**INFORMATION SHOWN**
•••••

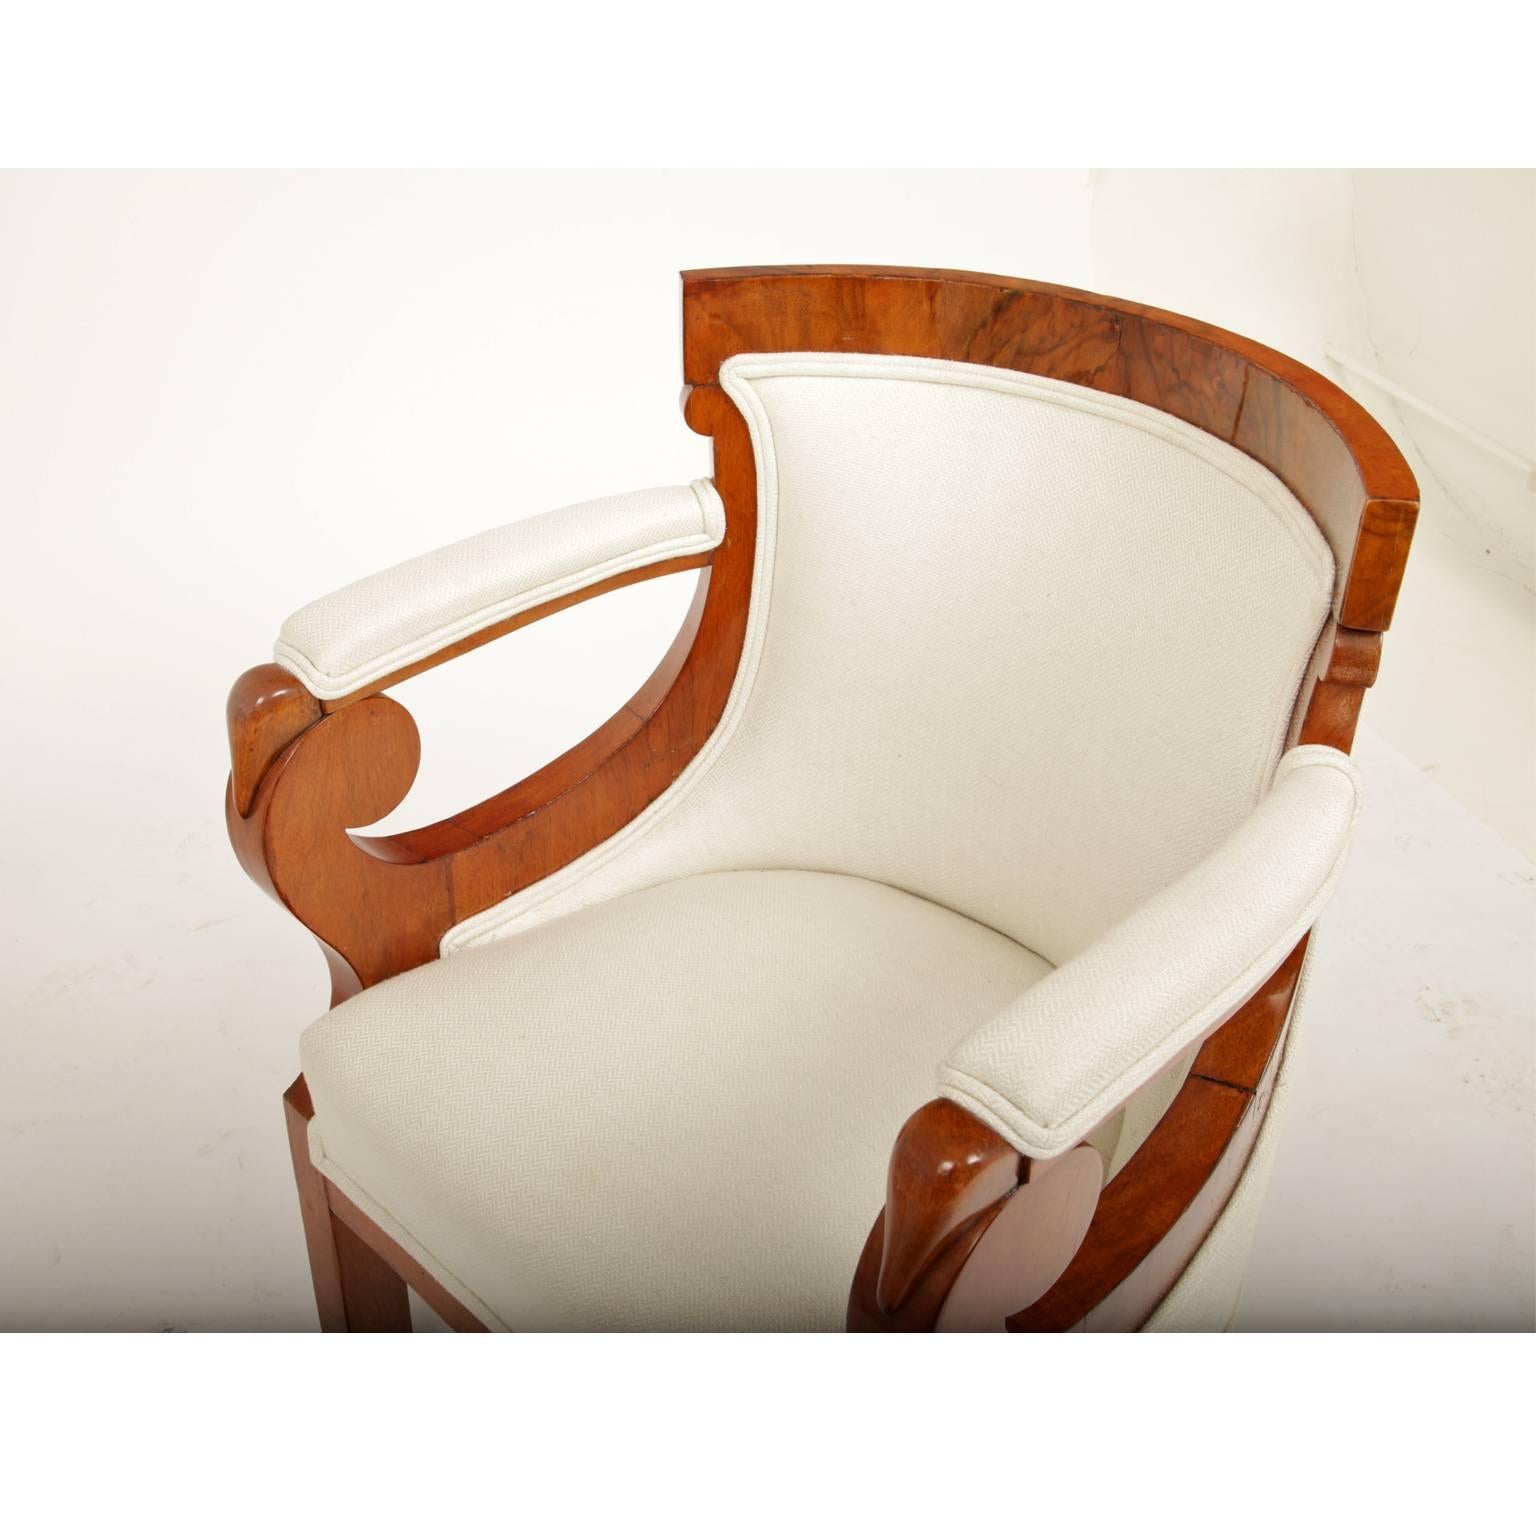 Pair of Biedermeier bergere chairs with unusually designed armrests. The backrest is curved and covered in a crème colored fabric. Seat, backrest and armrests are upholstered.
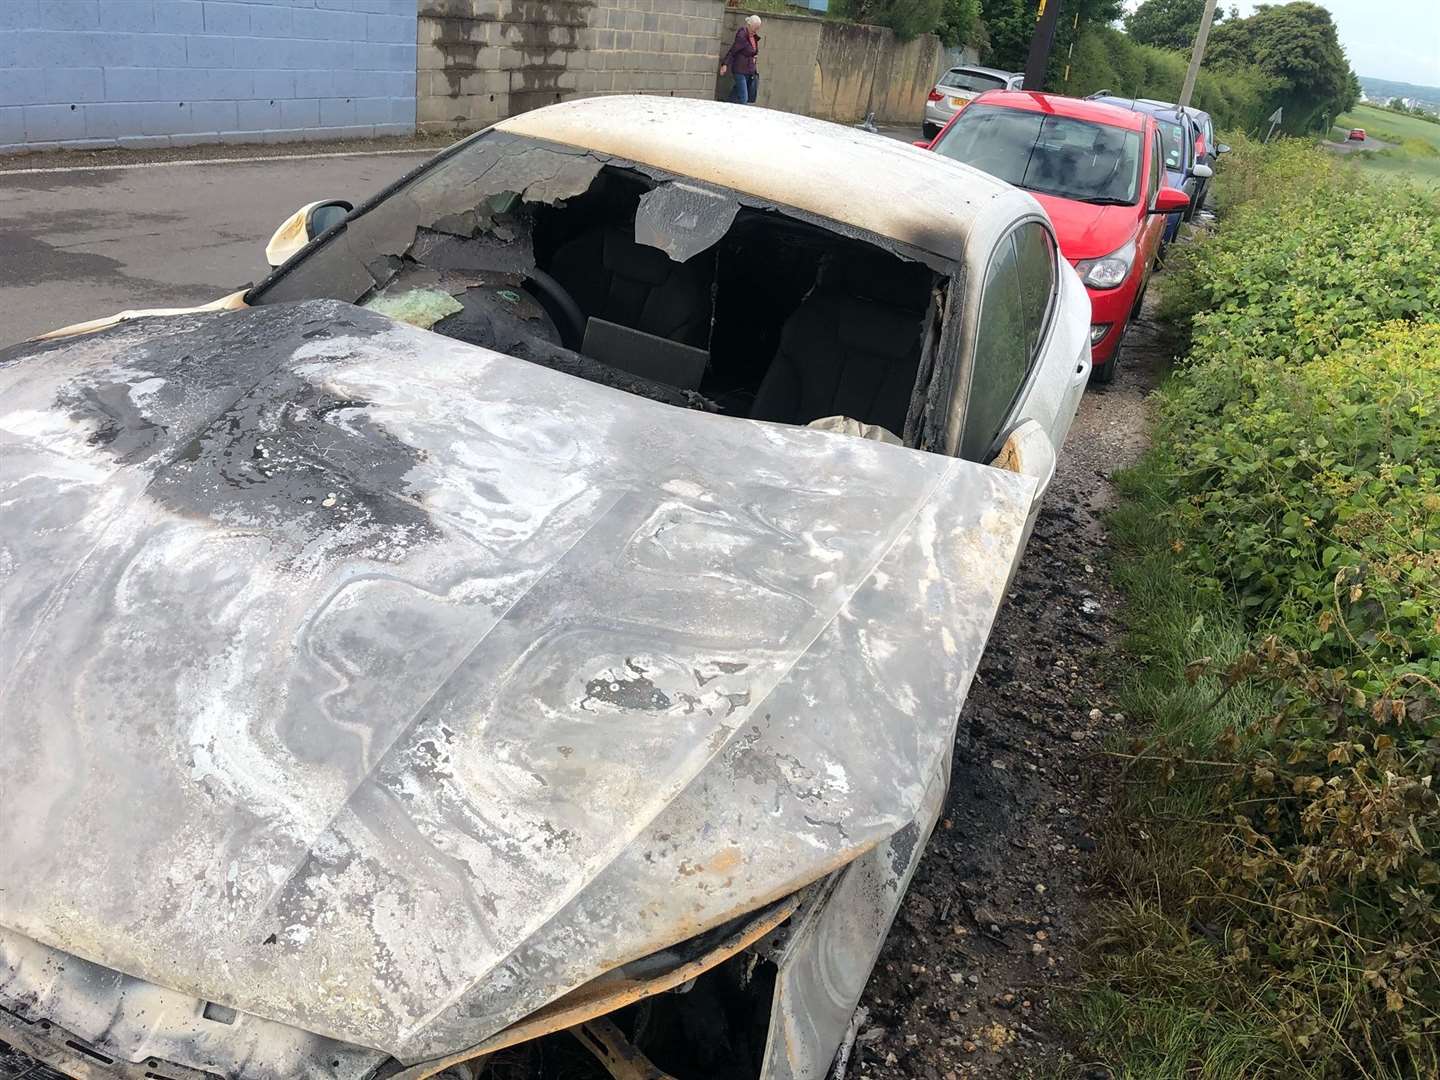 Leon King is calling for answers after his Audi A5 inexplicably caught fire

•••••

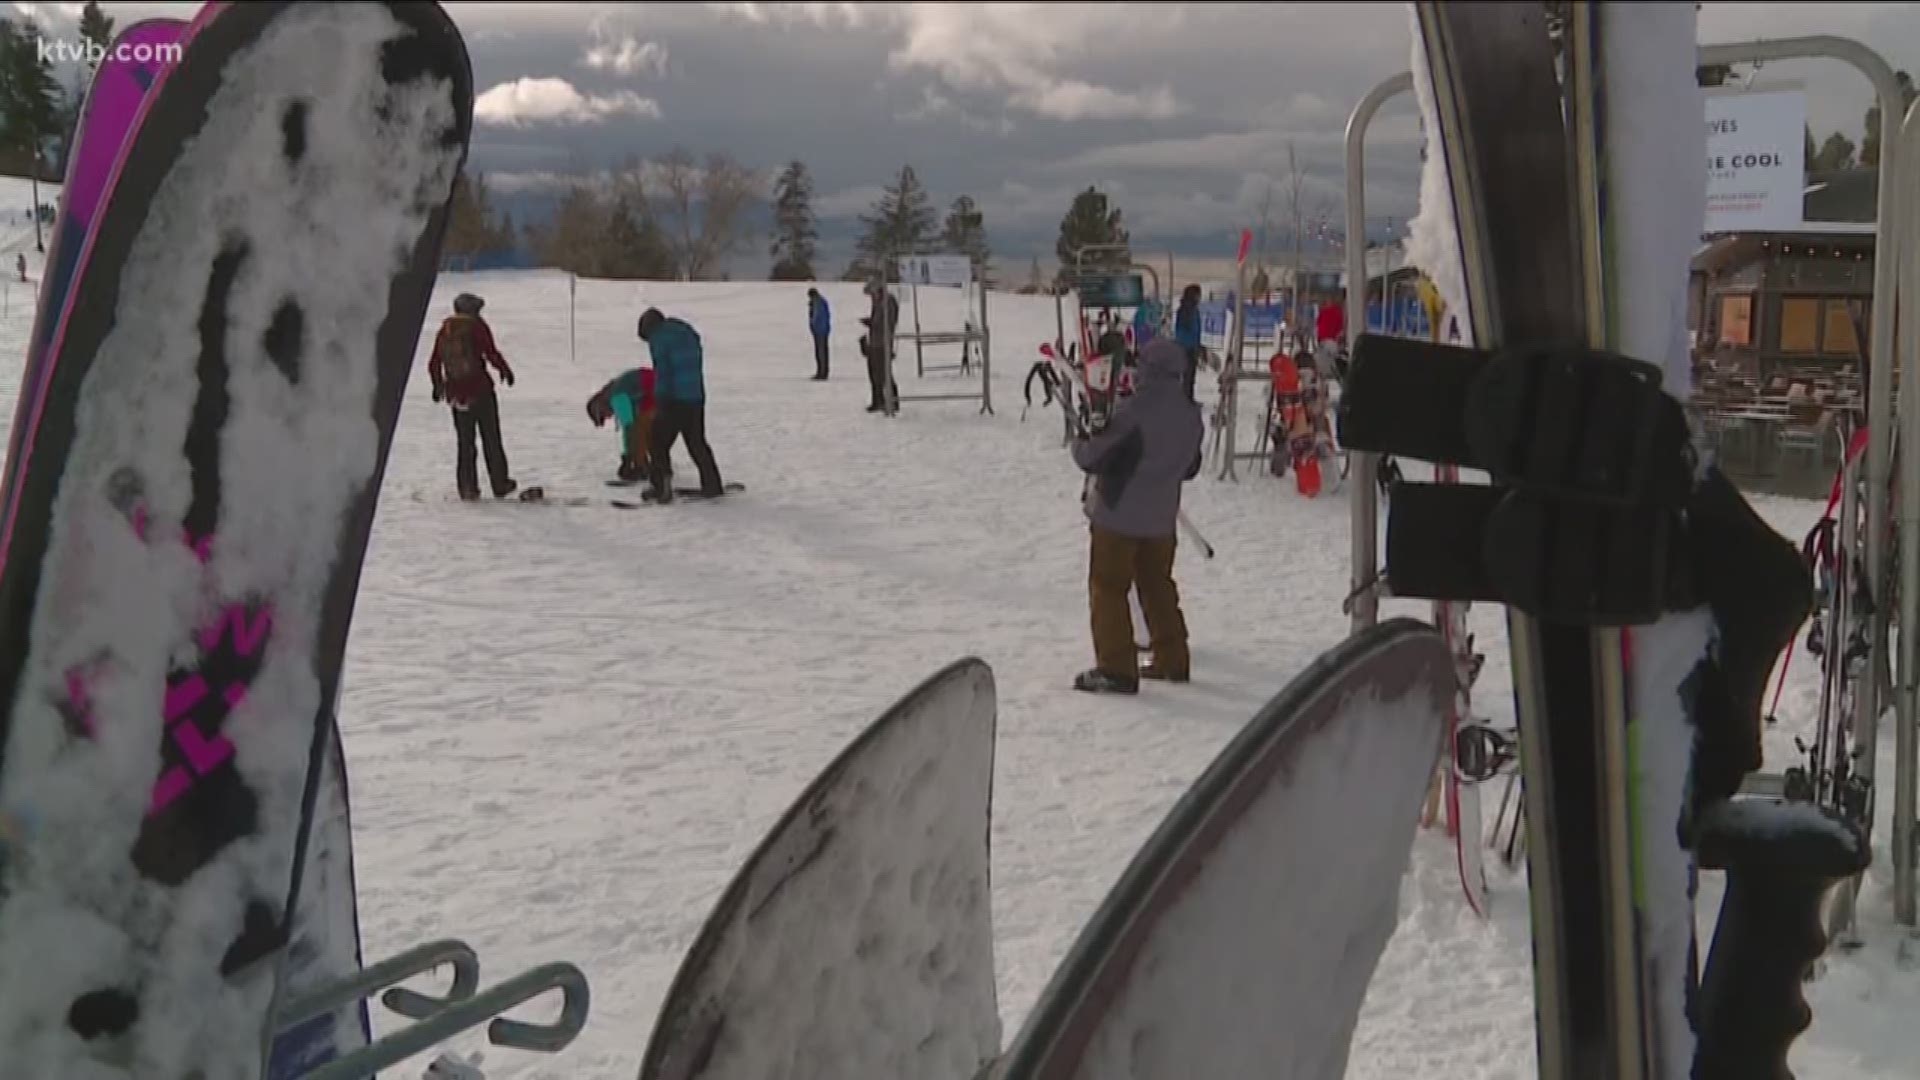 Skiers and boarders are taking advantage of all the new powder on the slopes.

•••••

**WORK REQUIRED**
Every line above in the stretch from the one with "Pair of Biedermeier" through the one with "Leon King is" is to be transcribed exactly, ends included. No picture is copied.

**ANSWER FOR THIS EXERCISE**
 Pair of Biedermeier bergere chairs with unusually designed armrests. The backrest is curved and covered in a crème colored fabric. Seat, backrest and armrests are upholstered.
 Leon King is calling for answers after his Audi A5 inexplicably caught fire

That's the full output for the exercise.